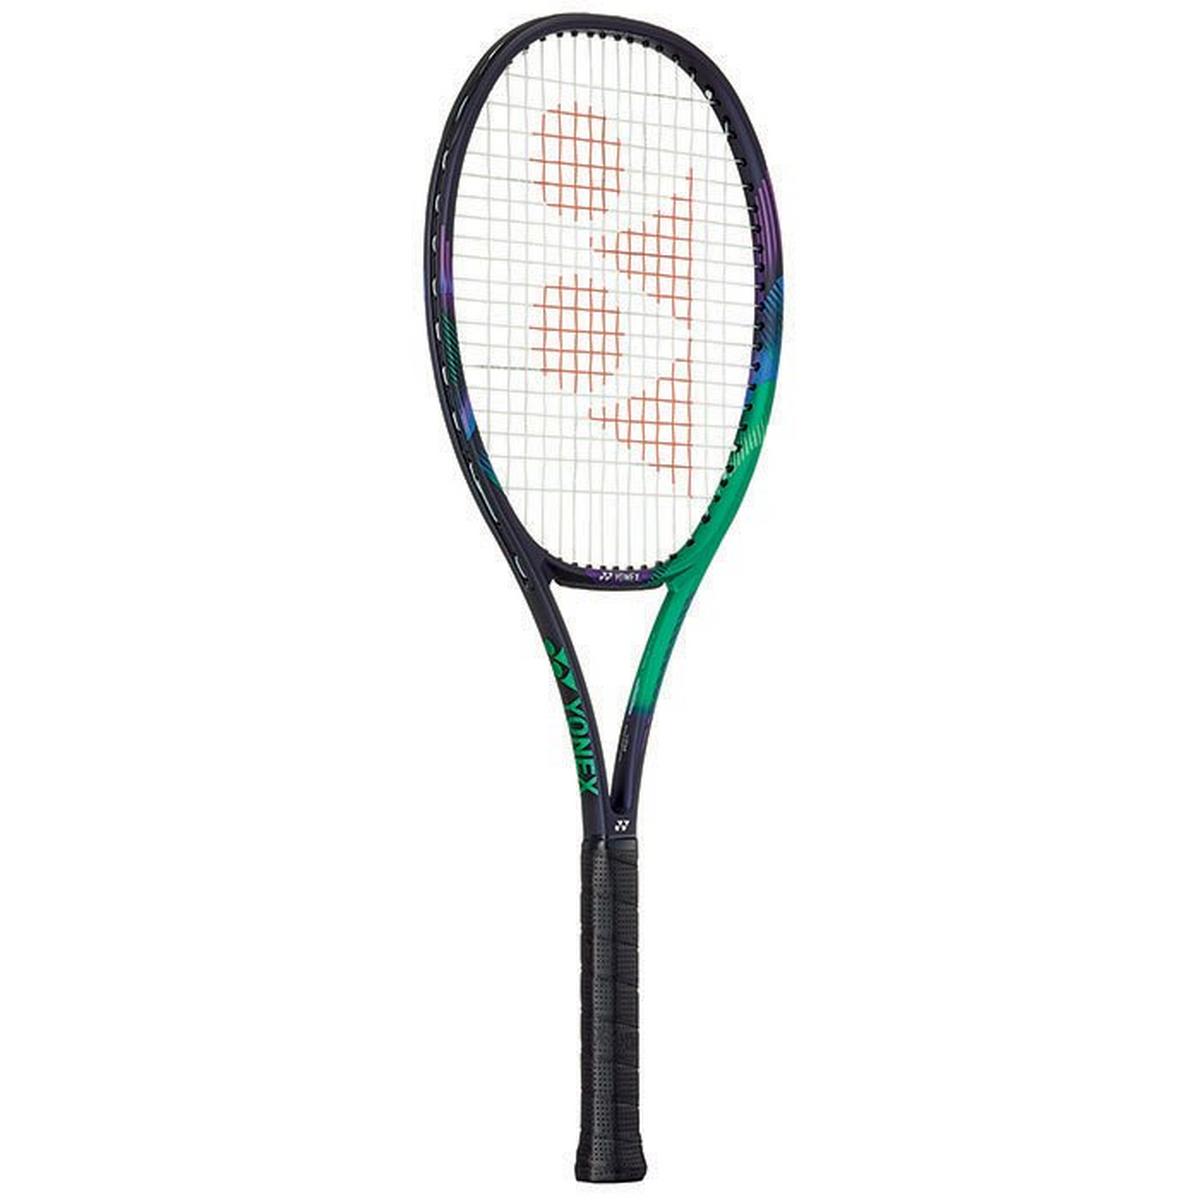 Cadre de raquette de tennis VCORE Pro 97 avec housse gratuite
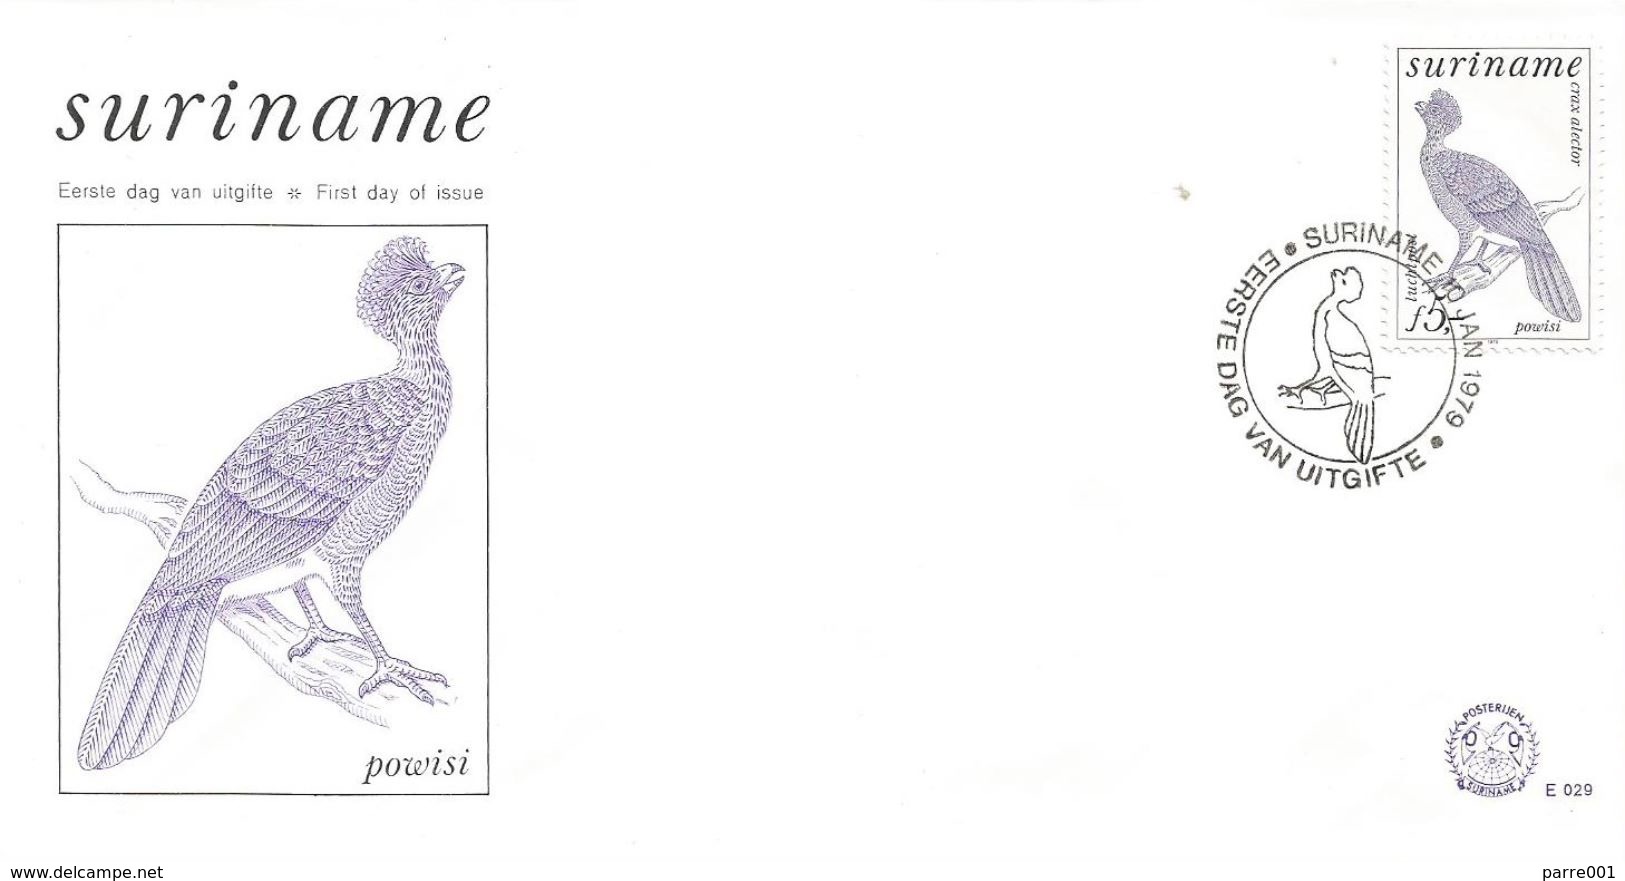 Surinam Suriname 1979 Paramaribo Crax Alector Bird FDC Cover - Cuco, Cuclillos
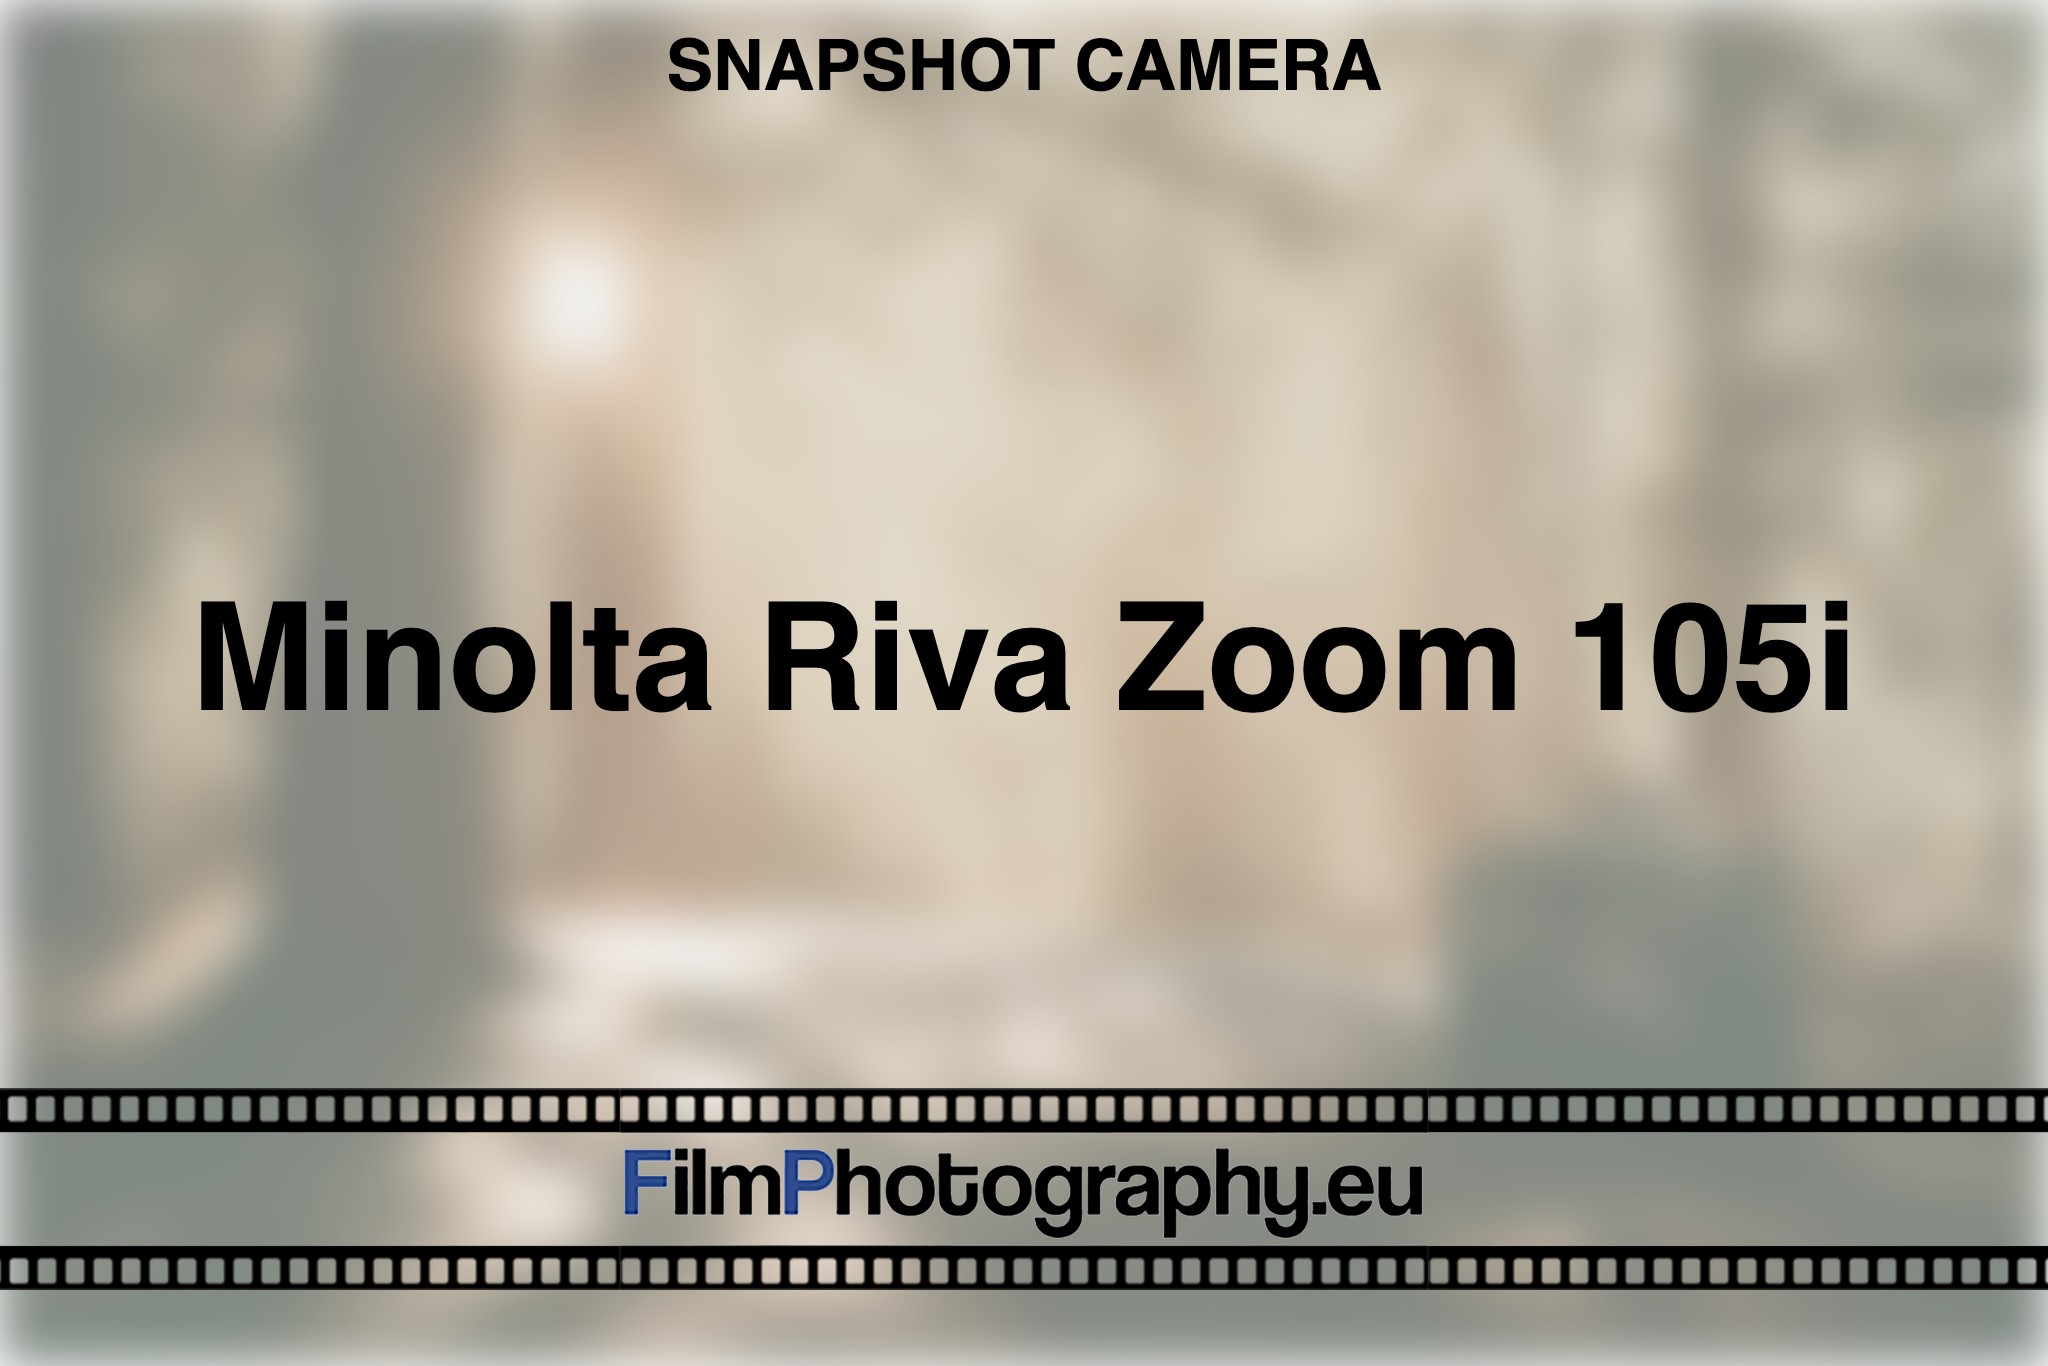 minolta-riva-zoom-105i-snapshot-camera-bnv

★ ★ ★ ★ ★

#### [How to complete this task]
Reproduce the material word for word. Any pictures should be left out of the copy.

#### [Completed exercise]
 Cadre de raquette de tennis VCORE Pro 97 avec housse gratuite
 Surinam Suriname 1979 Paramaribo Crax Alector Bird FDC Cover - Cuco, Cuclillos
 minolta-riva-zoom-105i-snapshot-camera-bnv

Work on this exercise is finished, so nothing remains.